Um exemplo desta dificuldade: ainda hoje há poucas vocações sacerdotais e religiosas oriundas da cultura afro-brasileira.

A nossa diocese é uma das poucas exceções com o bispo e cinco padres negros. Há uma causa histórica para esta dificuldade.

Não há como negar certo estranhamento entre os afro-brasileiros e a Igreja, mesmo que os negros tenham sido os primeiros batizados do continente latino-americano e do Brasil.

Entretanto, se percebe também, no passado e hoje, muitas iniciativas da Igreja, de apoio, reconhecimento e solidariedade à caminhada dos negros em terras brasileiras.

Tais iniciativas estão em sintonia com compromisso do missionário Pedro Claver, o santo que se fez negro no meio dos negros.

O próprio Zumbi dos Palmares foi acolhido por um padre que o educou até a juventude. Os Franciscanos do Rio de Janeiro acolhiam escravos idosos impossibilitados de trabalhar.

Ao menos tinham uma morte digna. Muitos bispos e padres, ao seu modo, procuraram ajudar os negros e negras escravizados.

Vê-se que Igreja procurou arrefecer, mesmo sem o questionar de forma incisiva, o impacto do projeto escravagista sobre os negros. As iniciativas de apoio aos negros foram constantes.

No século passado a Conferência de Puebla (1979) sugeria à Igreja o compromisso para com os negros, pois ali era visto também o rosto de Cristo sofredor.

A Conferência de Santo Domingo (1992), com atenção especial voltada às culturas presentes no Continente Latino Americano, dedicou atenção à situação dos afro-americanos.

O documento Ecclesia in América também reforça o compromisso para com os afro-americanos e sugere o desafio da formação de agentes de pastoral competentes capazes de fazer uso de métodos já legitimamente inculturados na catequese e na liturgia. Tal orientação também faz referência aos povos indígenas.

Com o dizia o profeta Isaías (Is11, 1s), há um broto nascendo e que nos faz acreditar na vida. No caso dos afro-brasileiros existiram muitos brotos.

Estes brotos, porque cuidados e amados, geraram plantas, projetos, deram um aporte para a cidadania civil e eclesial reivindicadas pelos negros.

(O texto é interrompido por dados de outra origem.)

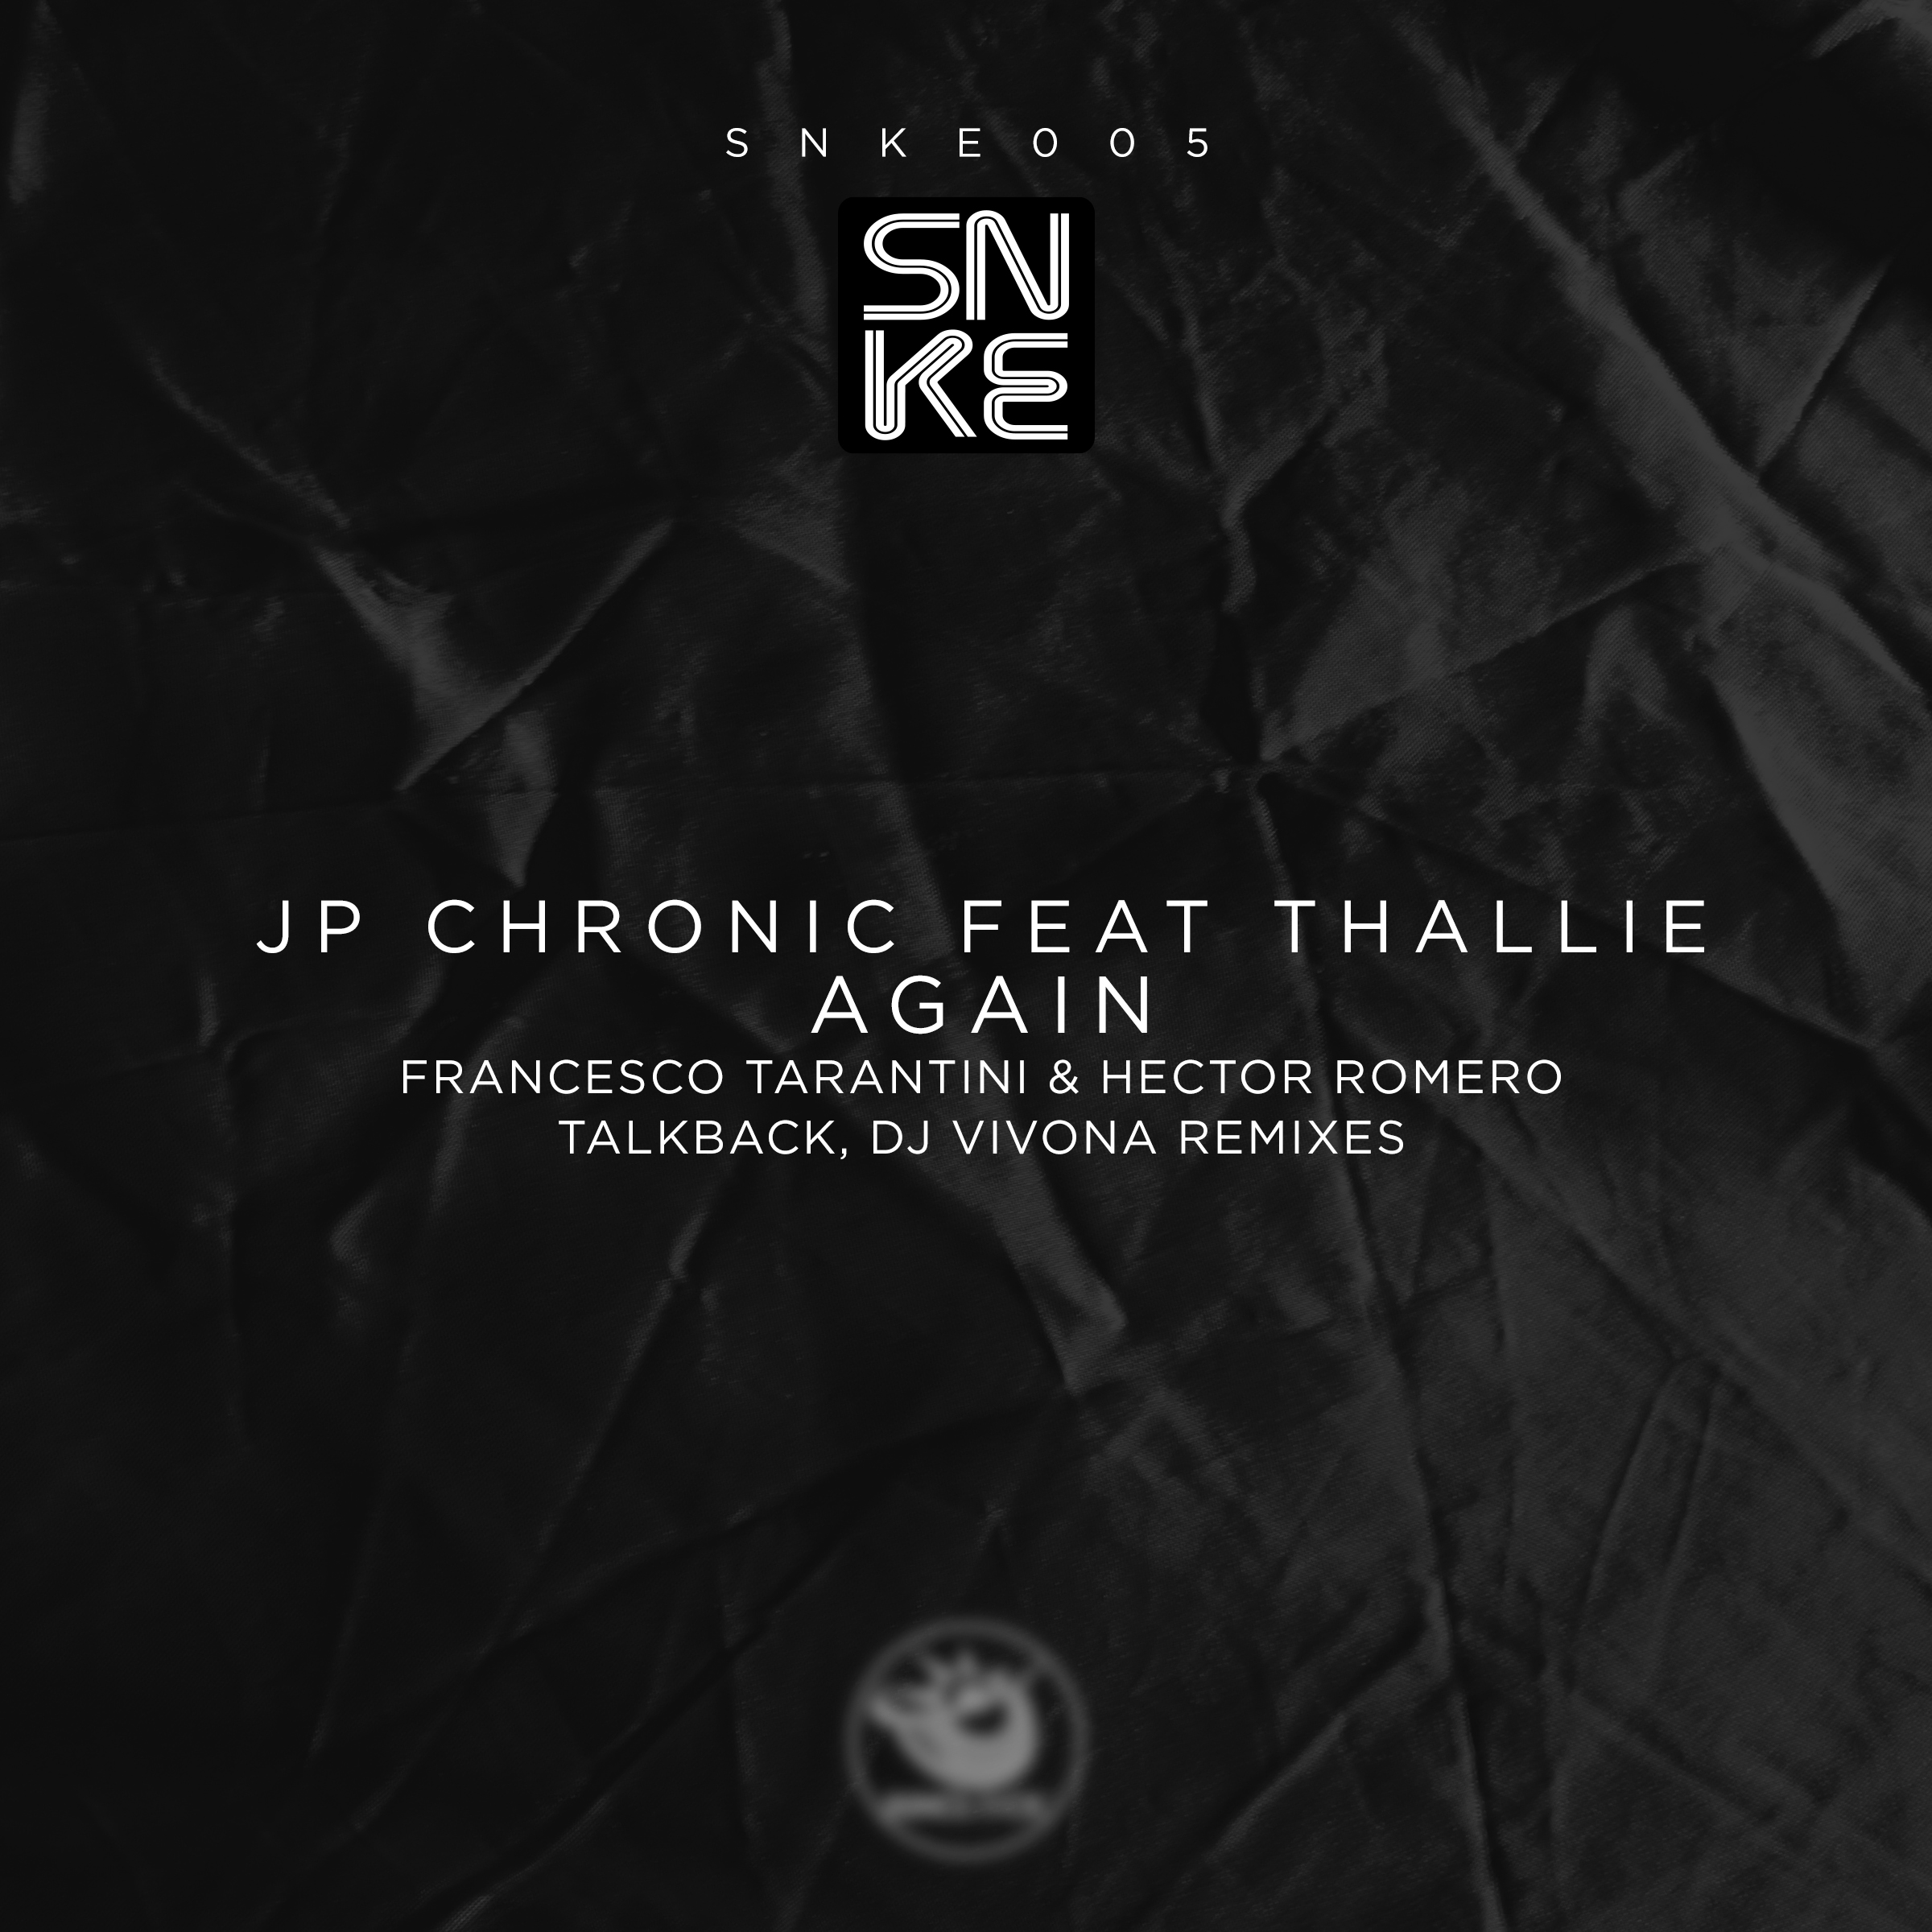 JP Chronic feat. Thallie - Again (incl. Tarantini & Romero, Talkback and Dj Vivona Rmxs) - SNKE005 Cover

As referidas Conferências de Medellín (1968), Puebla, Santo Domingo (1992) e mais recentemente Aparecida, aconteceram pelo sopro do Espírito, iluminaram o compromisso efetivo da Igreja como o povo latino americano.

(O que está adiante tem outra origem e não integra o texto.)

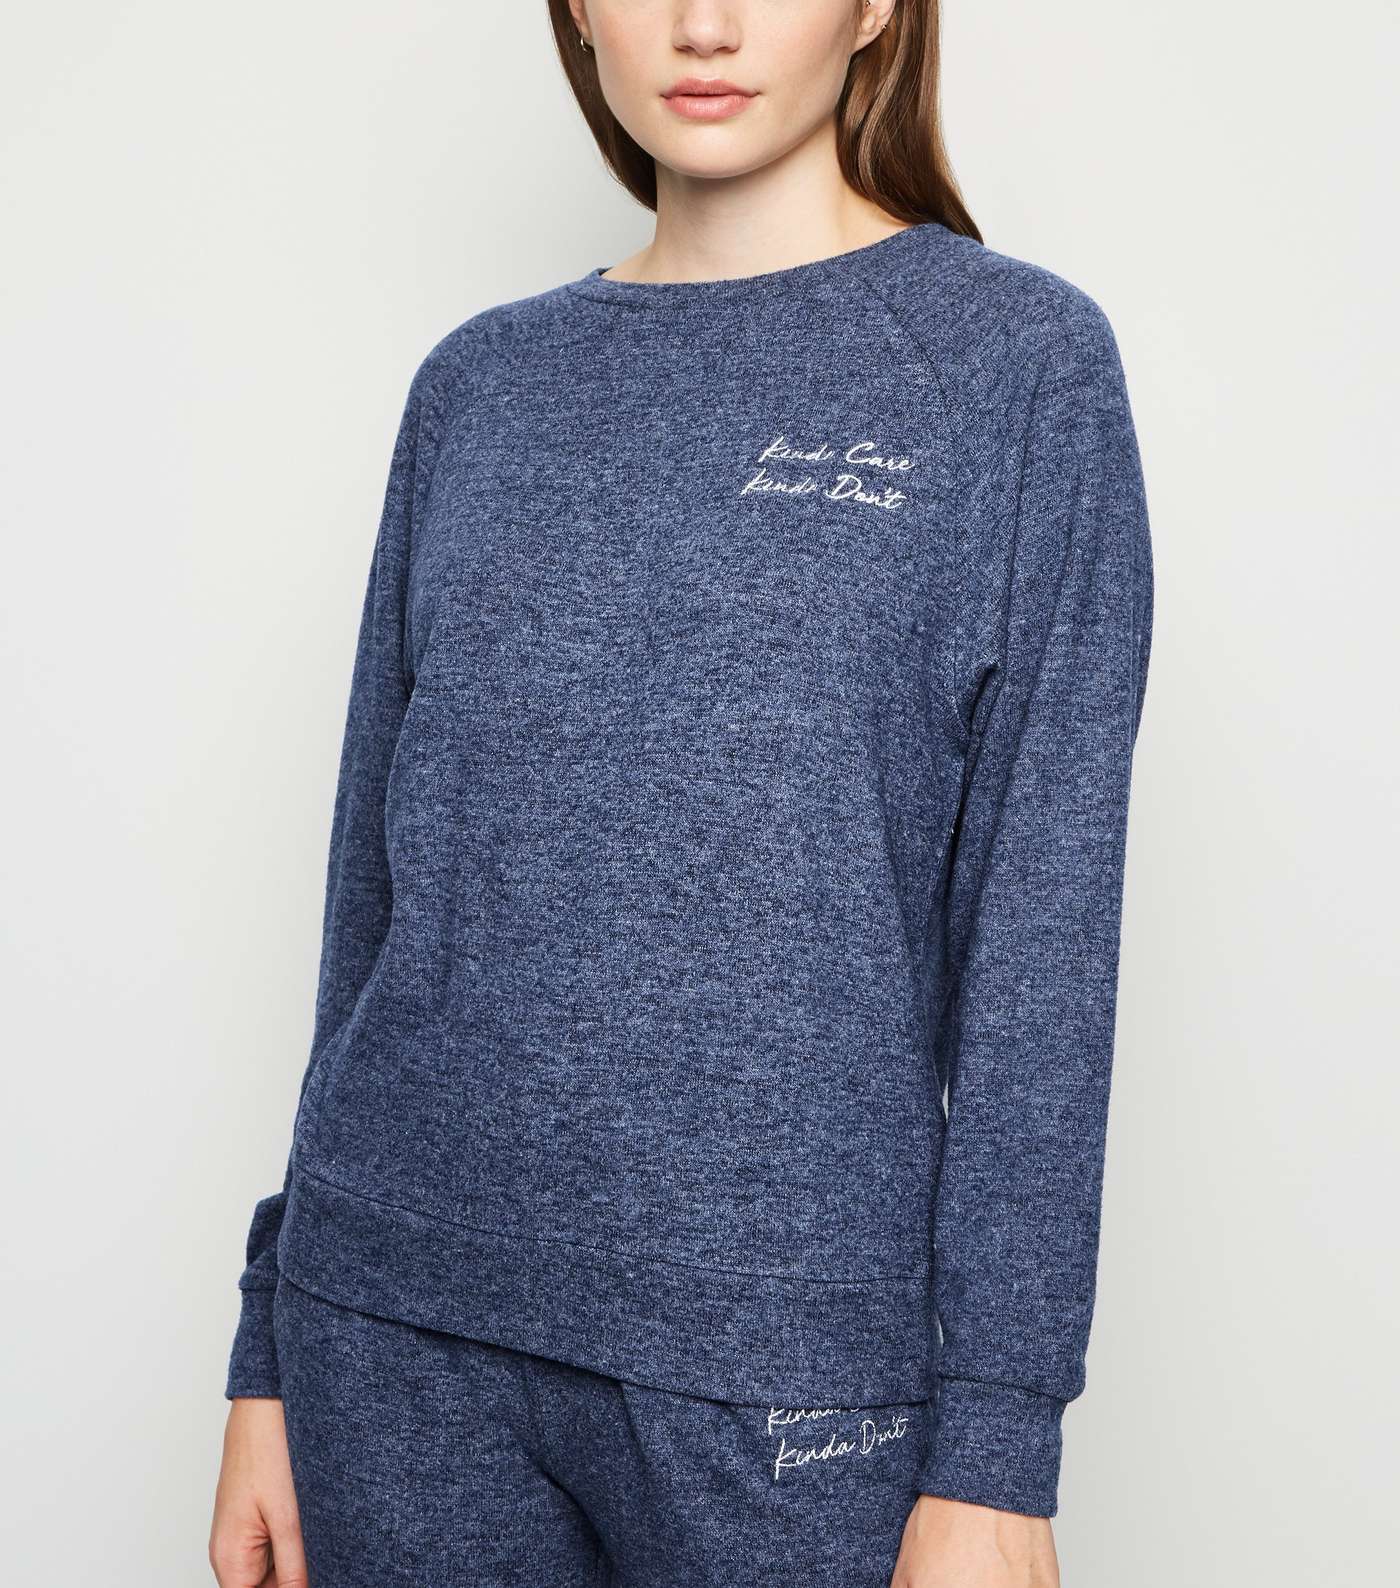 Blue Kinda Care Slogan Pyjama Sweatshirt

Este compromisso foi assumido também em relação ao povo negro e permanece no horizonte evangelizador da Igreja. Era o alimento necessário para os brotos que surgiam, a renovação diversa e ampla como inspirou o Espírito Santo (At 2, 1ss).

A realidade social nos desafia ao anúncio da Boa Notícia, nesta sociedade onde impera a violência, o desemprego, a fome, o analfabetismo, a perda da identidade, tendo como resultado a exclusão, a esperança ameaçada.

As vítimas desta realidade difícil, em sua maioria são os negros. Frente ao racismo que assistimos nos últimos tempos, creditamos teimosamente na concretização do sonho de uma sociedade livre, sem escravos e nem senhores, onde todos são tratados com igualdade, onde todos participam.

O Projeto da Pastoral afro-brasileira é uma proposta de construção da cidadania plena para todos. A pastoral é compreendida como zelo apostólico para como o povo, sobretudo para com os povos pobres e os abandonados.

Assim, as diversas iniciativas dos negros católicos encontram na pastoral afro-brasileira um espaço de reflexão, articulação e diálogo voltados para a vivacidade e dinamicidade da ação evangelizadora da Igreja. Participe conosco!